Comparing and Visualizing Results
Different methods highlight different aspects of feature importance. Tree-based importance reflects what the model learned during training. Permutation importance shows predictive power. SHAP values reveal contribution to specific predictions. Compare multiple methods to get a complete picture.
import pandas as pd
# Create comparison dataframe
comparison_df = pd.DataFrame({
'Feature': wine.feature_names,
'RF_Gini': rf.feature_importances_,
'RF_Permutation': perm_importance_rf.importances_mean,
'LR_Permutation': perm_importance_lr.importances_mean,
'LR_Coefficient': coef_importance,
'SHAP': np.abs(shap_values_rf[1]).mean(axis=0)
})
# Normalize each method to 0-1 scale for comparison
for col in comparison_df.columns[1:]:
comparison_df[col] = (comparison_df[col] - comparison_df[col].min()) / \
(comparison_df[col].max() - comparison_df[col].min())
# Plot comparison
fig, axes = plt.subplots(1, 5, figsize=(20, 4), sharey=True)
methods = ['RF_Gini', 'RF_Permutation', 'LR_Permutation',
'LR_Coefficient', 'SHAP']
for idx, method in enumerate(methods):
sorted_df = comparison_df.sort_values(method, ascending=True)

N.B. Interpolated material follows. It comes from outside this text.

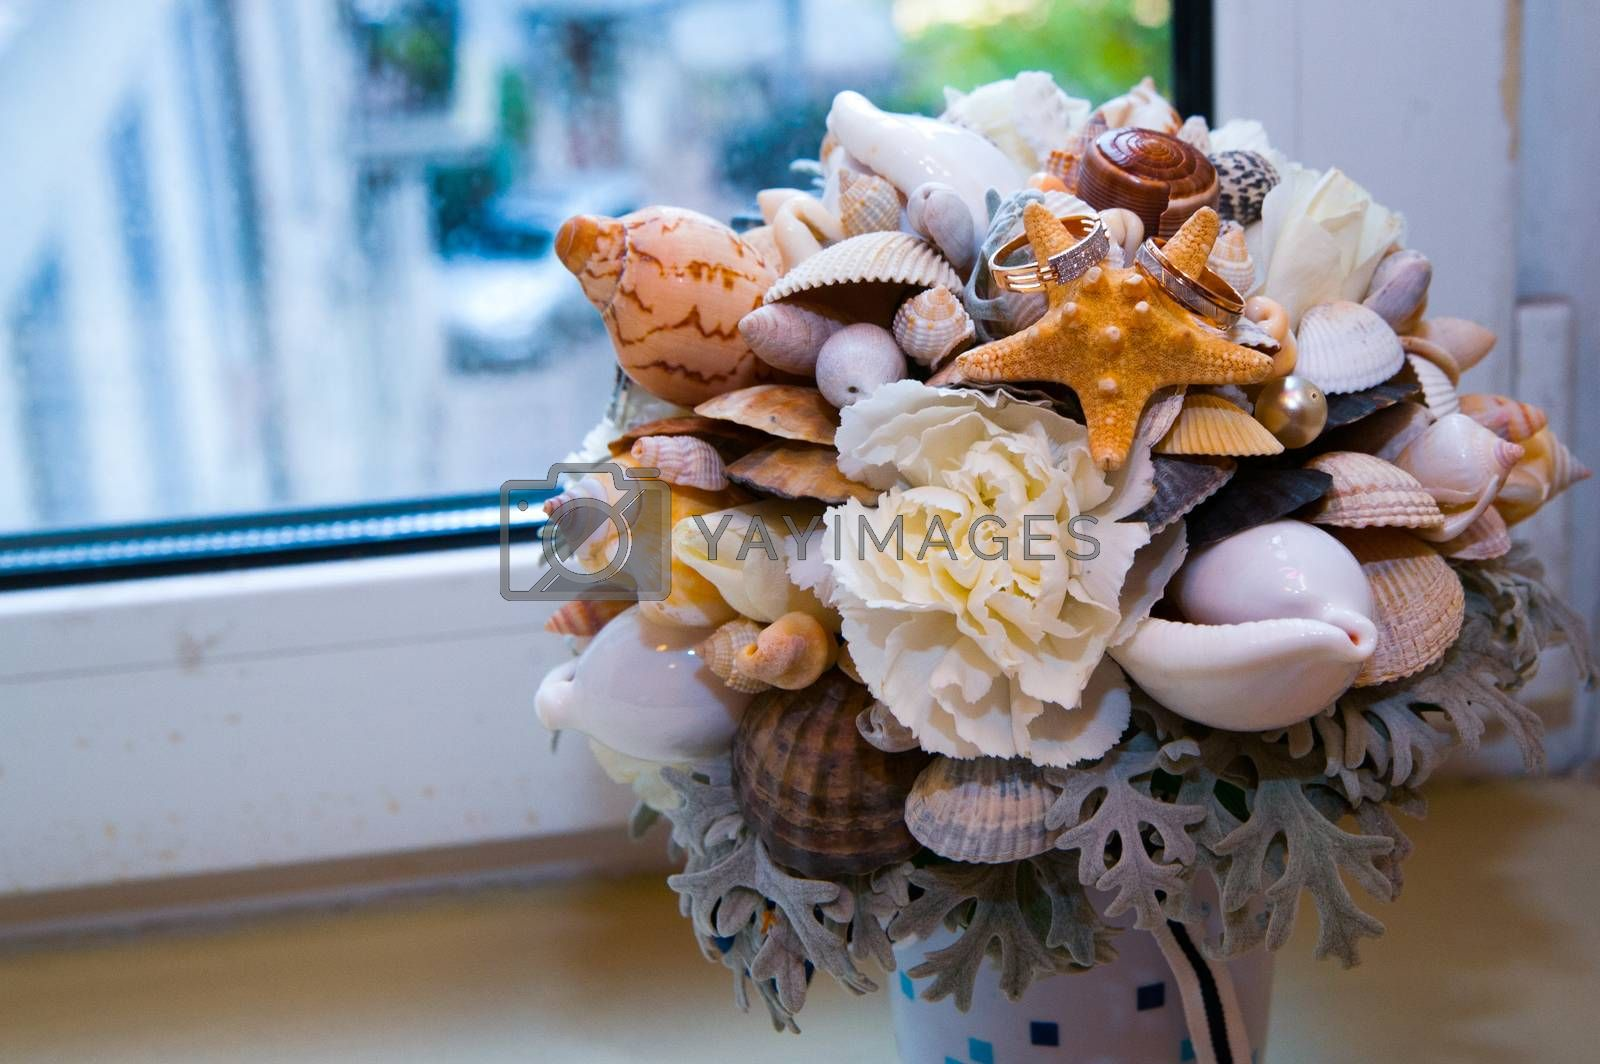 Beautiful gold jewelry lying around flowers in the wedding day

axes[idx].barh(sorted_df['Feature'], sorted_df[method])
axes[idx].set_title(method.replace('_', ' '))
axes[idx].set_xlabel('Normalized Importance')
axes[0].set_ylabel('Features')
plt.tight_layout()
plt.show()
Look for consensus across methods. Features that rank high across multiple approaches are genuinely important. Discrepancies reveal interesting model behavior worth investigating.

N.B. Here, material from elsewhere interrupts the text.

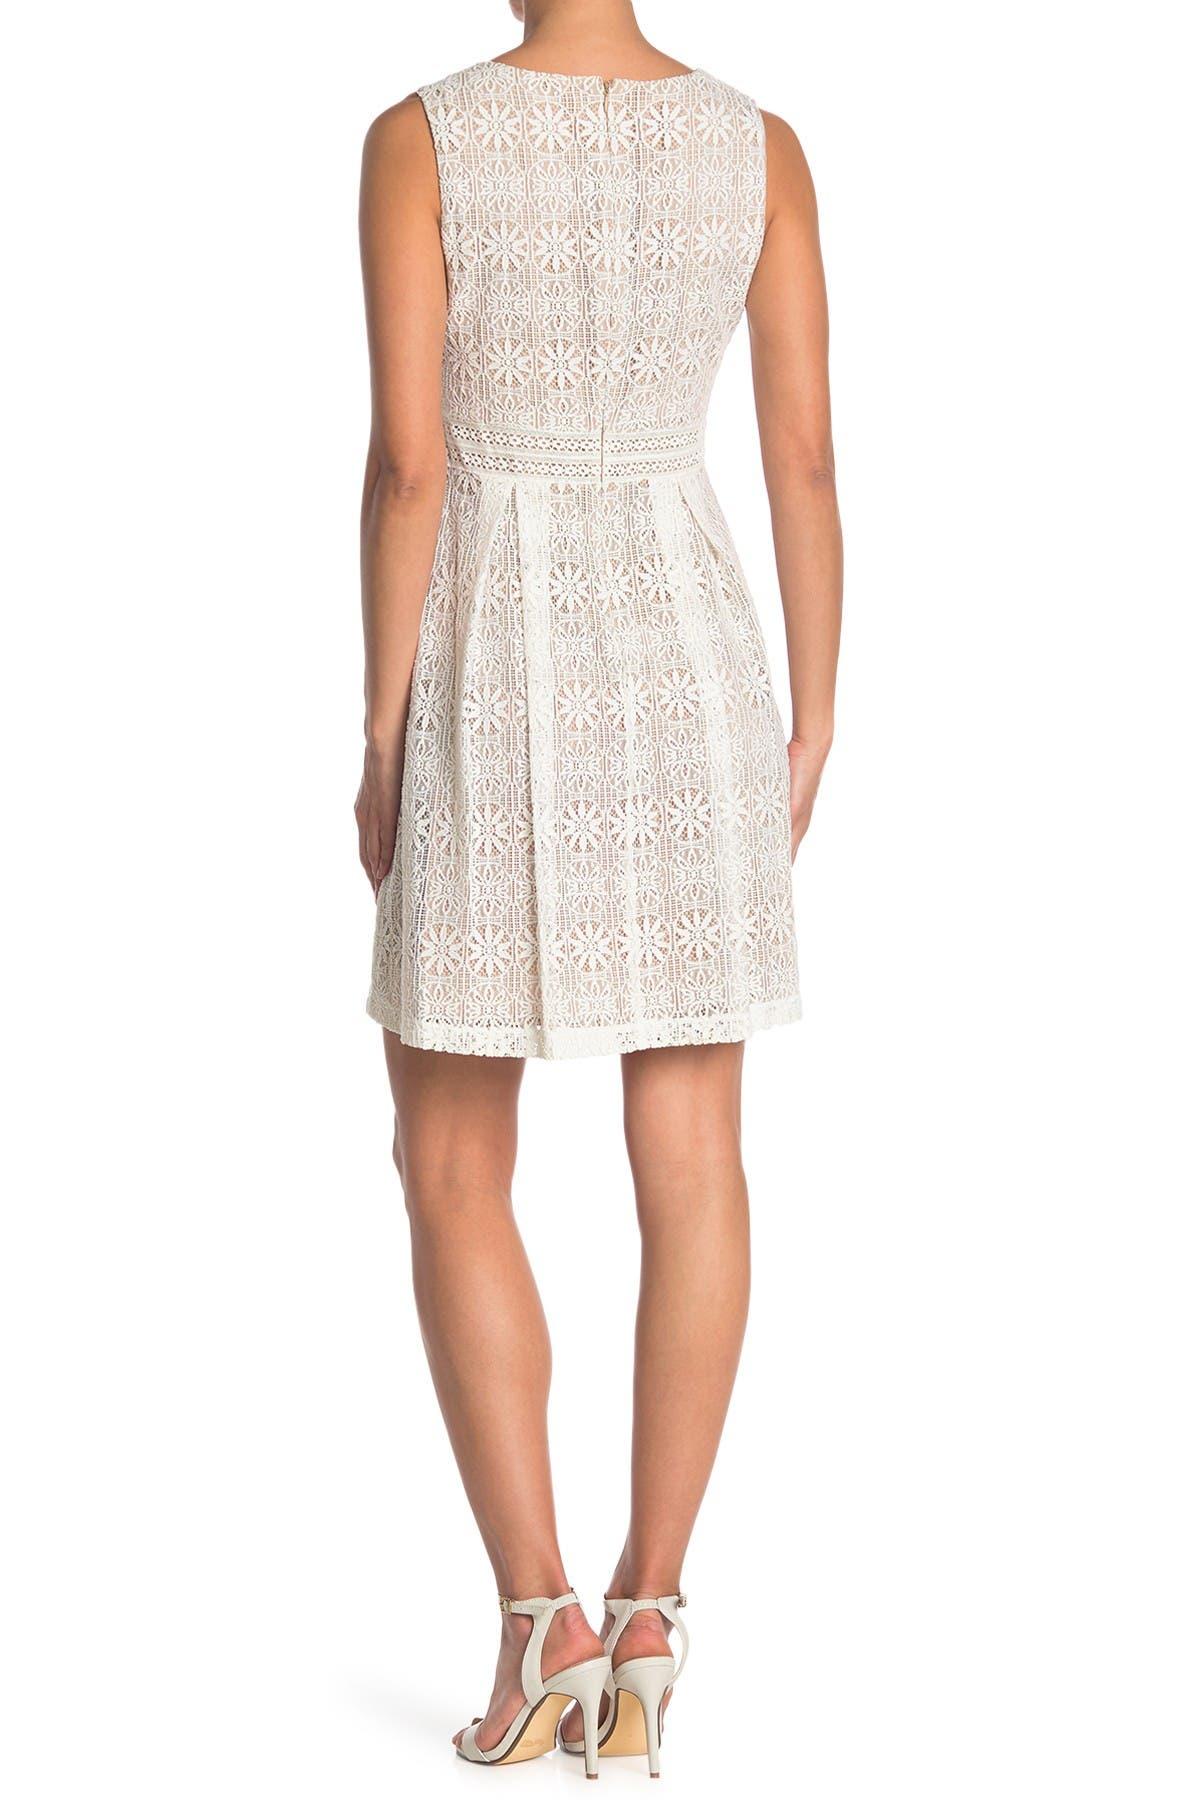 Image of Kensie V-Neck Lace Mini Dress

Practical Considerations and Best Practices
Correlated features split importance between them. If you have two highly correlated features, each might show moderate importance even though together they’re critical. Use correlation matrices to identify these situations, and consider grouping correlated features in your analysis.
Choose your method based on context. For quick iteration during development, use built-in tree importance. For model comparison or critical decisions, use permutation importance. For stakeholder presentations or debugging specific predictions, use SHAP. For simple linear models, coefficients are sufficient.

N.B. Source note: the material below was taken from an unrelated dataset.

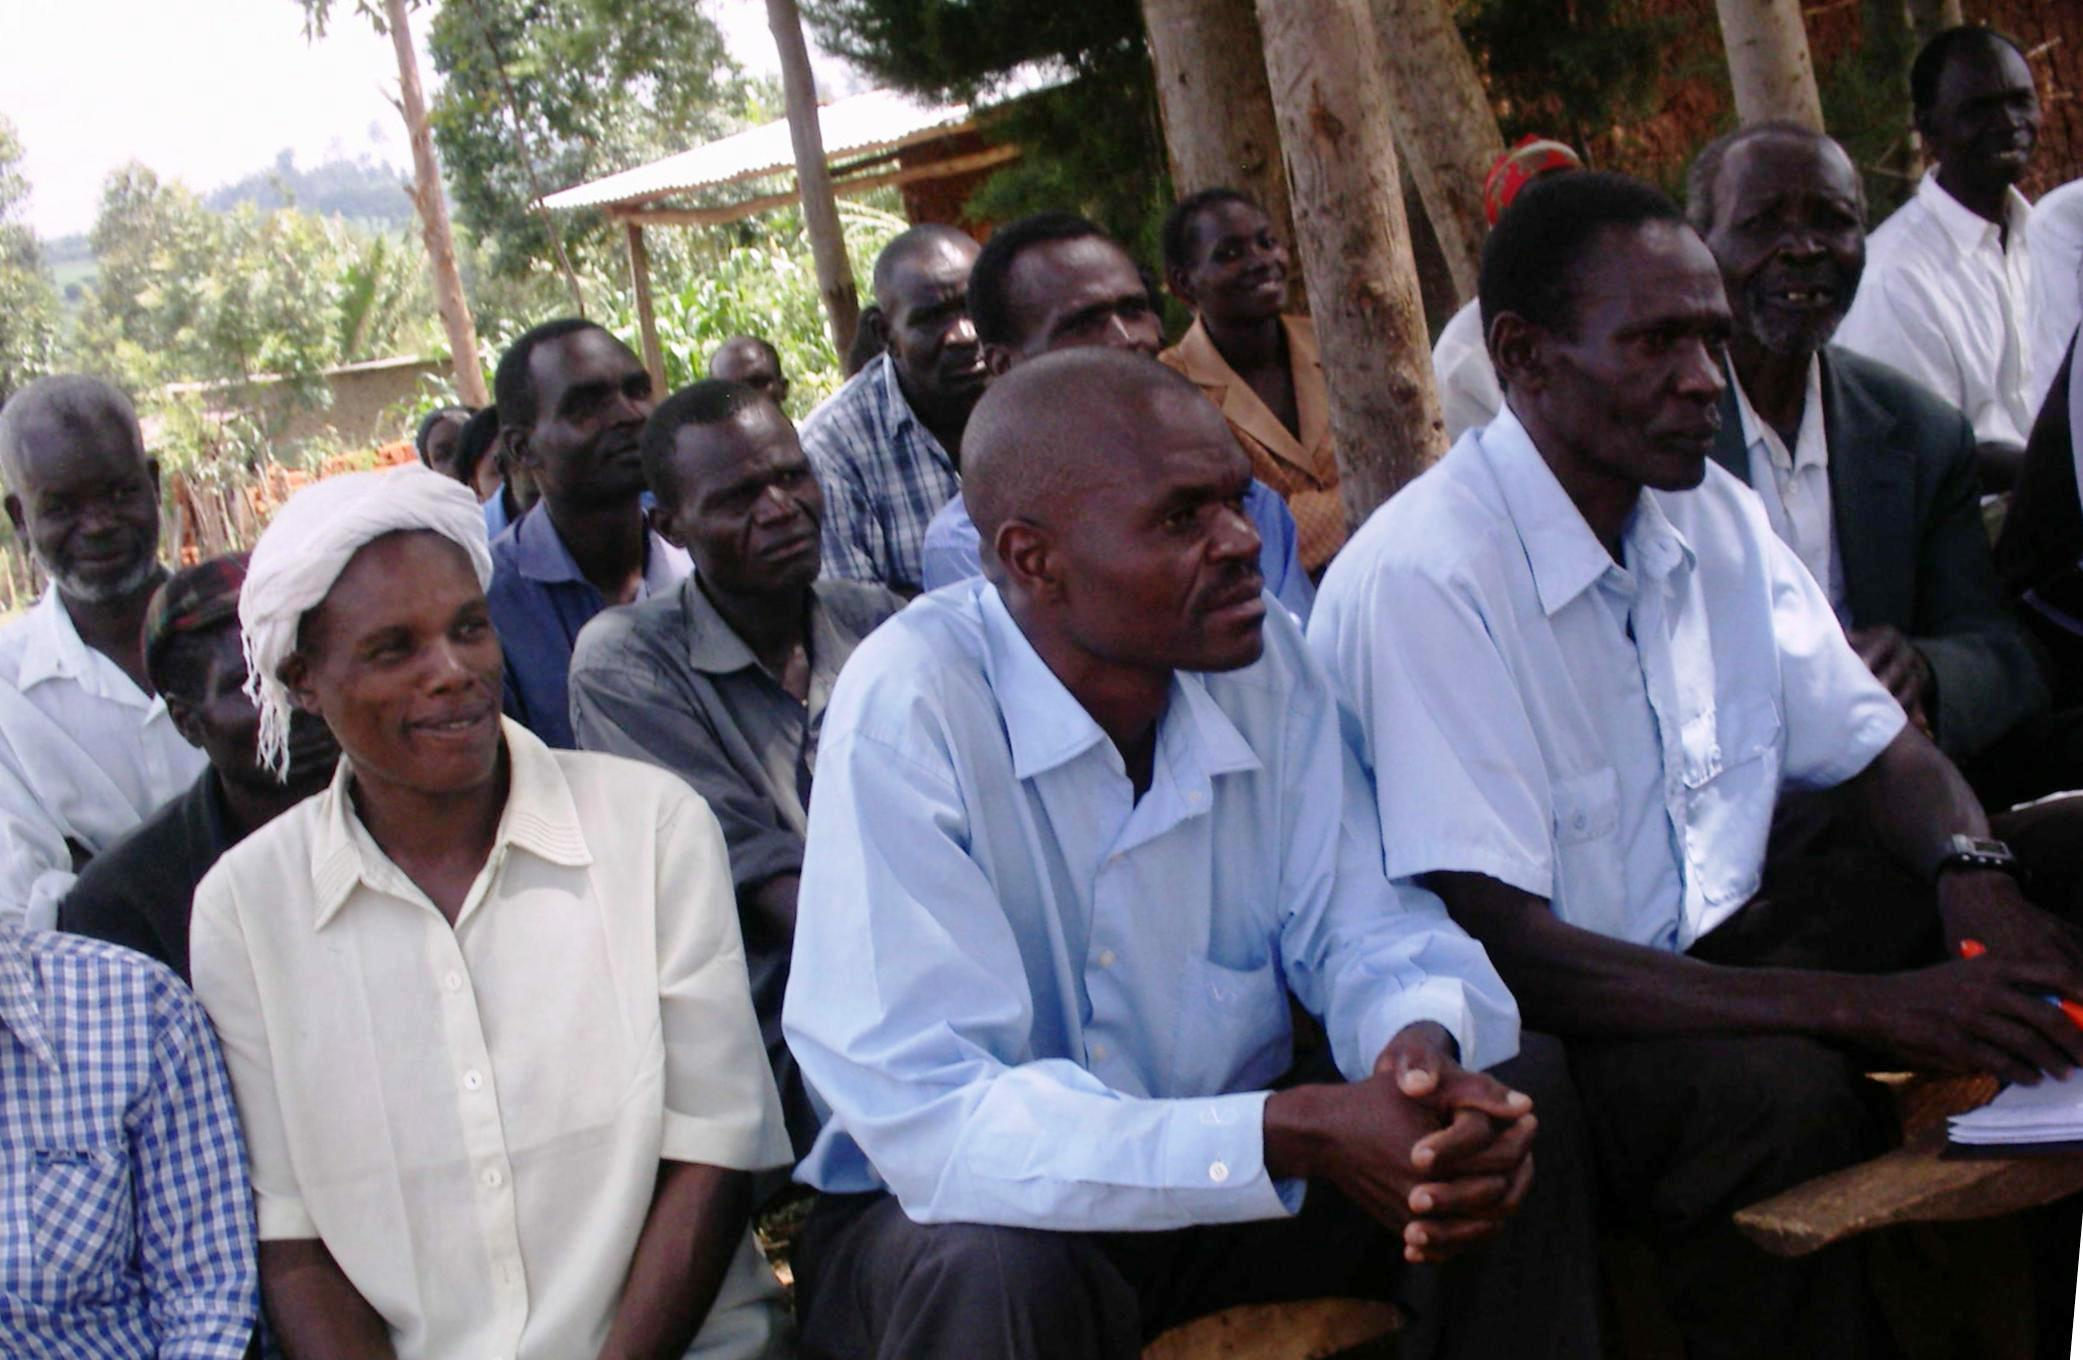 The Water Project : kiminini-community-health-representatives-attending-sabata-wash-training

Watch out for these pitfalls: forgetting to scale features before interpreting linear coefficients, using Gini importance as your only measure, calculating importance on training data instead of test data, and ignoring the computational cost of SHAP on large datasets.
Computational costs vary dramatically. Tree-based importance is essentially free—it’s calculated during training. Permutation importance requires n_features × n_repeats model evaluations. SHAP can take minutes or hours depending on model complexity and dataset size. Budget accordingly.
The most important practice: use multiple methods and look for agreement. Feature importance isn’t a single number—it’s a multifaceted concept. Different methods capture different aspects. When they agree, you can be confident. When they disagree, you’ve learned something valuable about your model.